"Oleanna" (or "Oleana") is a Norwegian folk song that was translated into English and popularized by former Weavers member Pete Seeger. The song is a critique of Ole Bull's vision of a perfect society in America. Oleanna was actually the name of one of Ole Bull's settlements in the New Norway colony of Pennsylvania. His society failed, and all of the immigrants moved away since the dense forest made it hard to settle there. The lyrics concern the singer's desire to leave Norway and escape to Oleanna, a land where "wheat and corn just plant themselves, then grow a good four feet a day while on your bed you rest yourself."
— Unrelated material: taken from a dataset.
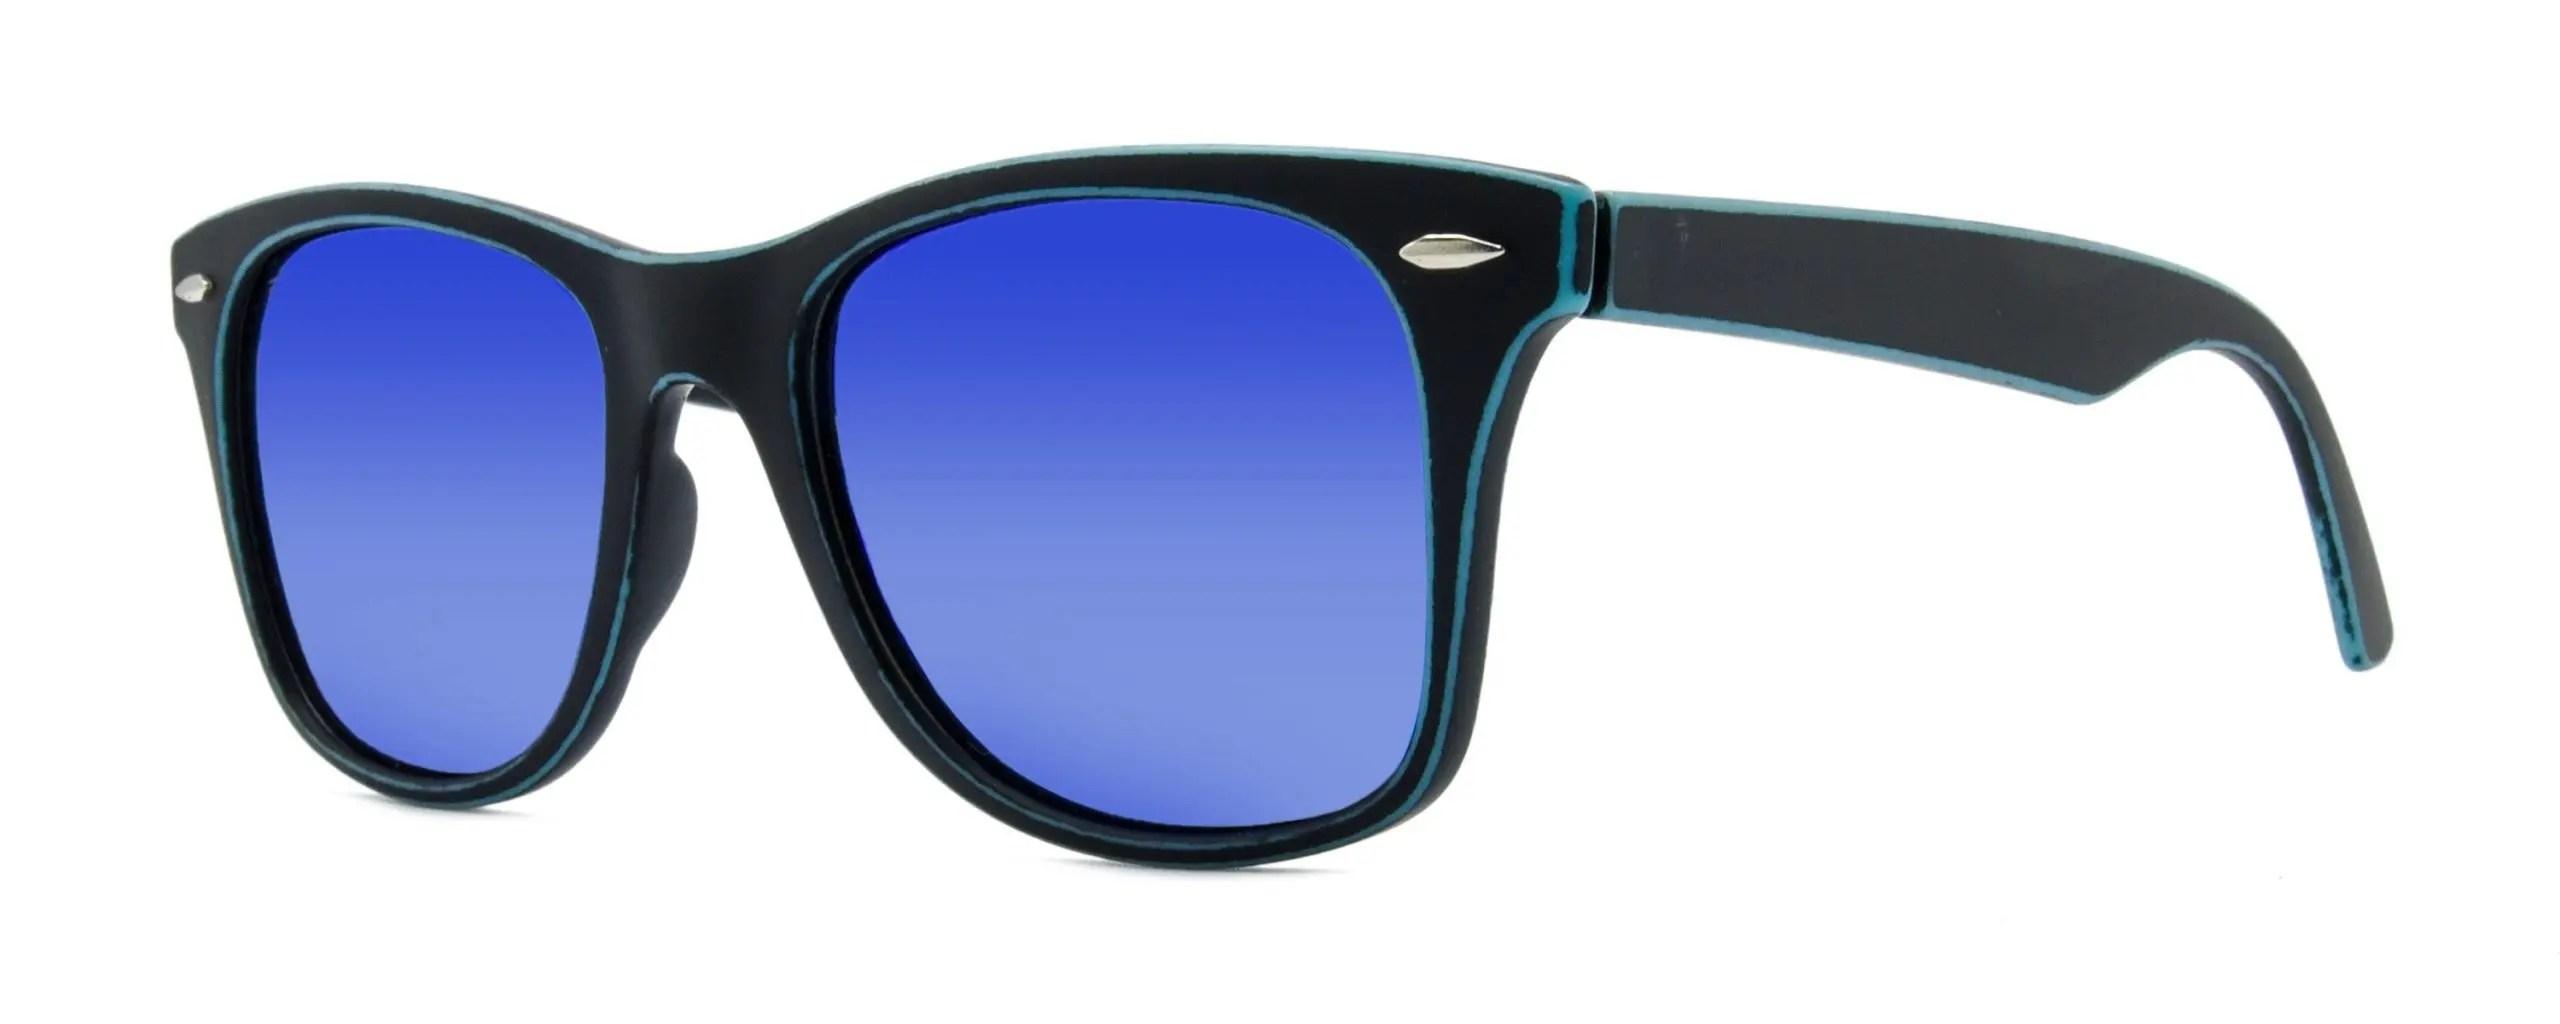 Jude - Matte Black - Blue Polarized Mirror Lenses - Angle

The lyrics for Oleanna were written by Ditmar Meidell, a Norwegian magazine editor who set his words to the melody "Rio Janeiro". The song was first published on March 5, 1853, in Krydseren (The Cruiser), a satirical magazine which Meidell had founded.

In English

Theodore C. Blegen included the song in his 1936 book Norwegian Emigrant Songs and Ballads, which had the original lyrics, a literal translation by Martin B. Ruud and musical notation. Eight years later Blegen himself wrote a singable translation consisting of 22 verses. Folksinger Pete Seeger learned Oleanna from Blegen's book and in 1955 wrote a six-verse translation that was later published in Sing Out! magazine.

In 1960 Theodore Bikel and Alan Lomax each published versions of Oleanna that drew on Seeger's translation, Meidell's original lyrics and their own imaginations. Jerry Silverman translated 19 of the 22 verses in 1992.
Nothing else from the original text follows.